Le téléphone et le télécopieur pour favoriser la proximité
Du côté de la direction civile du ministère de la justice, on affirme pourtant qu’il y a «224 centres opérationnels depuis le mois de mars pour statuer sur ce type d’affaires». Il s’agit de 97 centres de juges résidents, 72 tribunaux de première instance et 55 sièges qui étaient affectés aux juridictions communales ou d’arrondissements. Ceux-ci seront chargés exclusivement d’accueillir les séances mobiles. Quant à l’effectif des juges qui seront affectés à cette mission, il est de 82, soit un nombre encore largement inférieur à celui des centres créés.
Le ministère a donc du pain sur la planche, ce dont il a conscience. «Il faut en effet analyser les emplacements des populations et élaborer des stratégies de répartition géographique en vue d’assurer la proximité relative de tous les citoyens en installant des locaux et des équipements judiciaires adéquats à une journée de voyage tout au plus», indique un document interne du département. «Il conviendra également de prévoir dans le budget les frais d’hébergement et de déplacement des juges qui doivent se rendre sur les lieux de tribunaux dotés de personnel à temps partiel», lit-on encore. Ainsi prévoit-on de collaborer avec les nouvelles «cliniques du droit» afin de «renforcer la capacité de voyage des victimes».
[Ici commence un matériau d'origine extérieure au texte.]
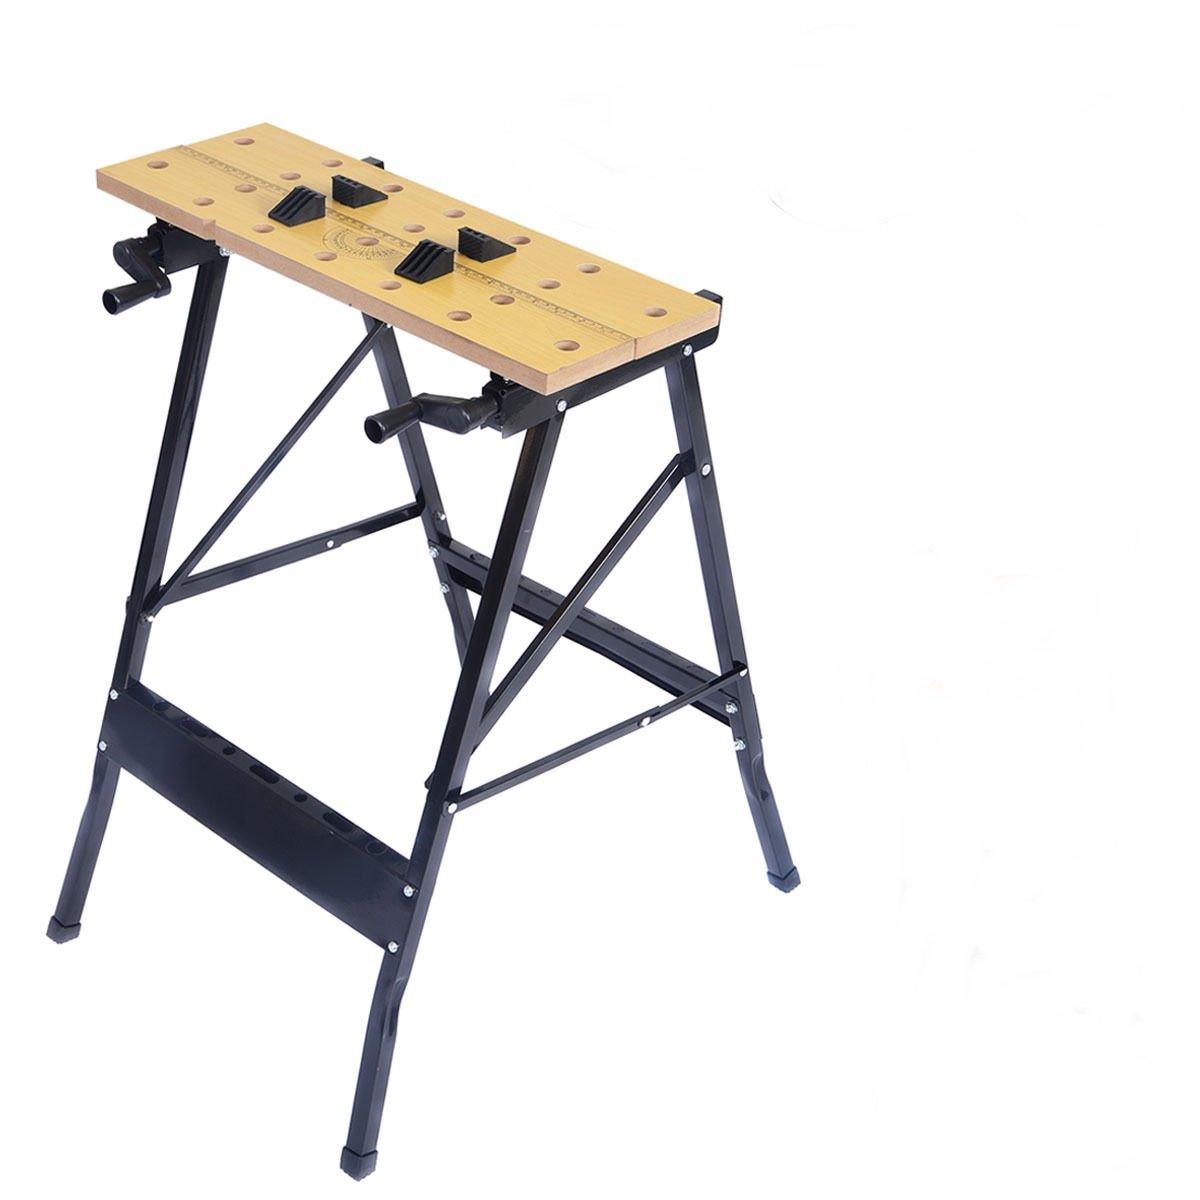 Foldable Work Bench Table Tool Repair Workshop Capacity 350 Lb w/ Adjustable Swivel Pegs

Le ministère prévoit aussi d’autoriser et surtout de généraliser l’utilisation du téléphone, du télécopieur ou d’Internet pour faciliter la participation des justiciables des zones rurales aux séances de conciliation et aux jugements. Et c’est à ce niveau que le ministère de la justice prévoit la collaboration avec les associations pour «recevoir des ordonnances de protection contre la violence domestique par télécopieur en provenance d’autres régions du pays». Le timing reste pourtant la problématique principale de ce genre de mesures. Selon l’étude du ministère, elles devraient entrer en vigueur à partir de mars 2016. Certaines d’entres elles, notamment celles relatives à la création de Cours d’appel en zones rurales, accompagneront la réforme globale de l’organisation judiciaire.
Saadia devra donc prendre son mal en patience et continuer de supporter l’humeur de ses voisins. Pendant ce temps, les affaires qui passent devant le juge de T’nine Chtouka continuent, tous les dimanches, de tenir en haleine une population toujours friande de faits divers pour avoir de quoi meubler les conversations durant des journées très souvent sans relief.